The former president, 77, later replied to many questions at the inquiry by saying he did not remember or was unaware of meetings and conversations that other witnesses had mentioned.
Zuma was not legally summonsed to attend the inquiry but was invited to reply after being implicated in graft by several previous witnesses.
“I expected that he would cooperate, which he did by agreeing to come,” said Judge Raymond Zondo, who is chairing the inquiry.
“The first purpose was to give him an opportunity to tell his side of his story.”
The inquiry is investigating a web of deals involving government officials, the wealthy Gupta business family and state-owned companies.
The Indian-born Gupta brothers — Ajay, Atul and Rajesh — have left South Africa and are now based in Dubai.

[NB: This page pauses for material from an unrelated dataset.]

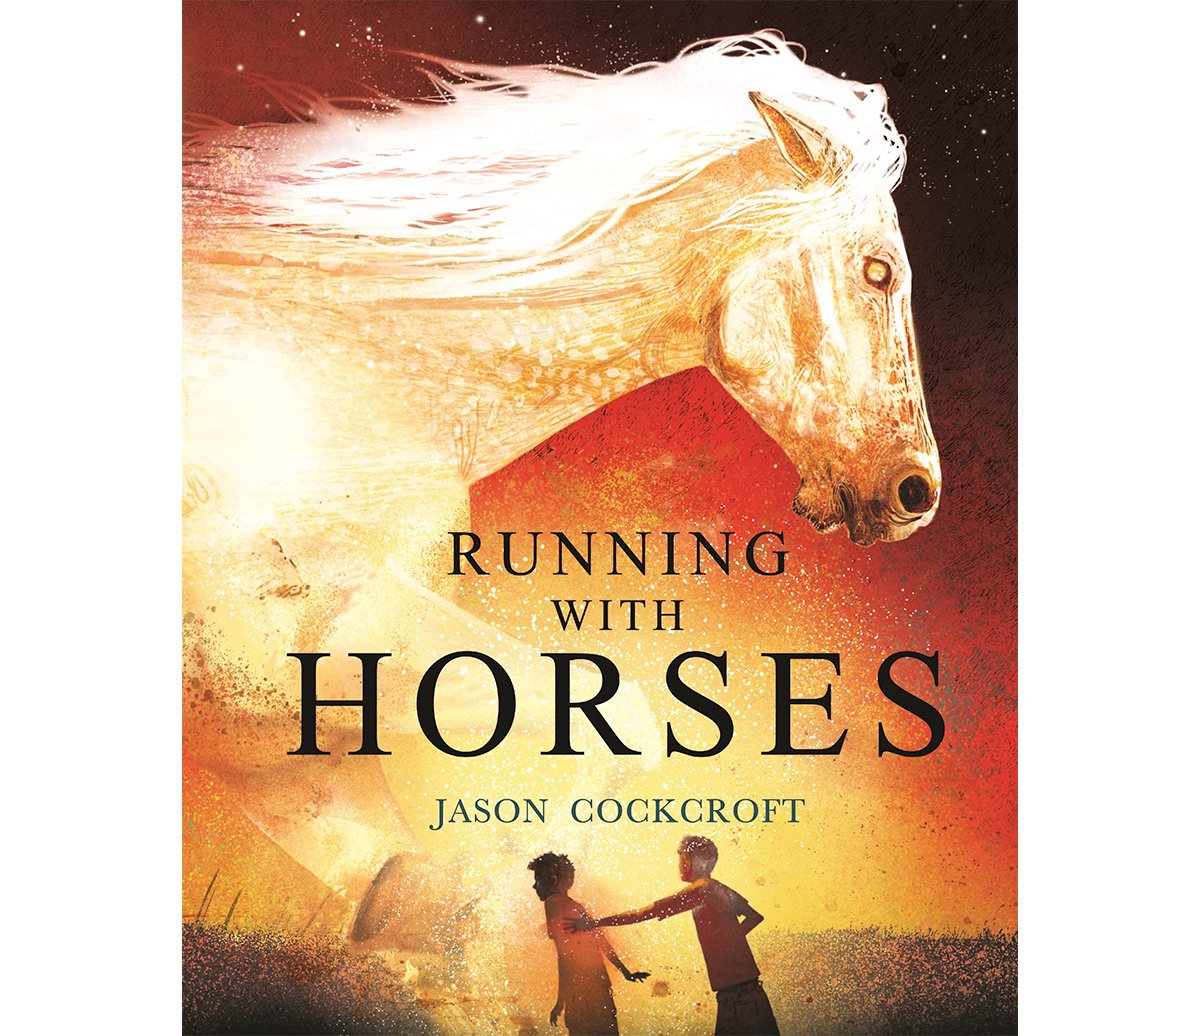 jason-cockcroft-running-with-horses.jpg

One witness, former finance minister Nhlanhla Nene testified that Zuma pushed policies on nuclear power and aviation that were designed to benefit the Gupta family.
“Mr Zuma and his legal team are in effect asking to be excused from the application of the rules,” the inquiry’s lead lawyer Paul Pretorius said.
“If the questions are detailed and if the questions and difficult… so be it.
“We are not only entitled, but obliged to ask those questions.”
Zuma was forced to set up the commission on January 2018, shortly before he left office, after failing in a legal battle to overturn the instructions of the country’s ethics ombudsman.
It has been holding hearings since last year and is due to complete a report next year that may lead to criminal prosecutions.
Zuma has also been charged with 16 counts of graft linked to a 1990s arms deal made before he became president. – AFP.